Feldman granted the injunction after finding it likely the oilfield companies will succeed in proving “the agency’s decision was arbitrary and capricious,” which violates federal law governing policy decisions.
“An invalid agency decision to suspend drilling of wells in depths over 500 feet simply cannot justify the immeasurable effect on the plaintiffs, the local economy, the Gulf region, and the critical present-day aspect of the availability of domestic energy in the country,” Feldman said.
“Today’s ruling by U.S. District Court Judge Martin Feldman is an important step in returning thousands of oil service workers to their jobs,” Royal Dutch Shell Plc spokesman Bill Tanner said in an e-mailed statement.
“Shell remains confident in its expertise and procedures to safely drill and complete deepwater wells.” Shell’s safety standards often exceed regulatory requirements and include including a rigorous training program for well engineers, Tanner said.
Kjersti Torgersen, a spokeswoman for Statoil ASA in Houston, did not immediately respond to a telephone call seeking comment. Todd M. Hornbeck, CEO of Hornbeck Offshore, didn’t immediately return a call for comment.

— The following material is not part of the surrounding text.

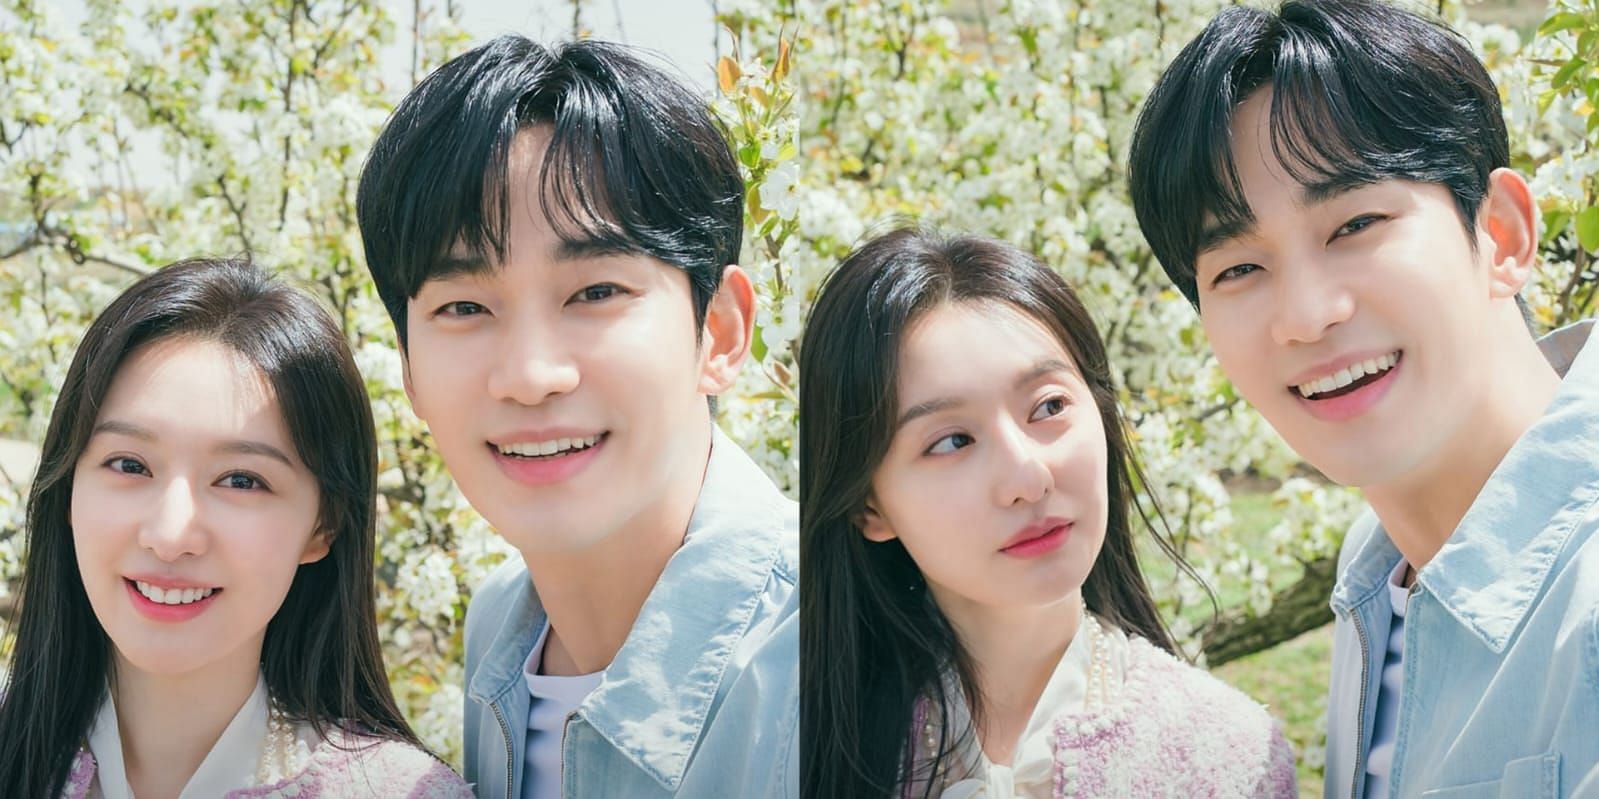 Queen of Tears breaks records to become the first K-drama to surpass 1 Billion views in tvN

Realistically, not a lot has changed, said Jud Bailey, an analyst at Jefferies & Co. in Houston.
“It’s a small victory for the industry, but clearly the administration has dug in its heels and is going to try to keep this moratorium, come hell or high water,” Bailey said today in a telephone interview. “Investors, as it relates to the drillers, are for the most part staying away. There’s too much uncertainty, too much headline risk.”
Bailey said he doesn’t think many operators would run out and immediately try to resume operations. “You run the risk of this getting overturned by the appellate court,” he said.
The case is Hornbeck Offshore Services LLC v. Salazar, 2:10-cv-01663, U.S. District Court, Eastern District of Louisiana (New Orleans).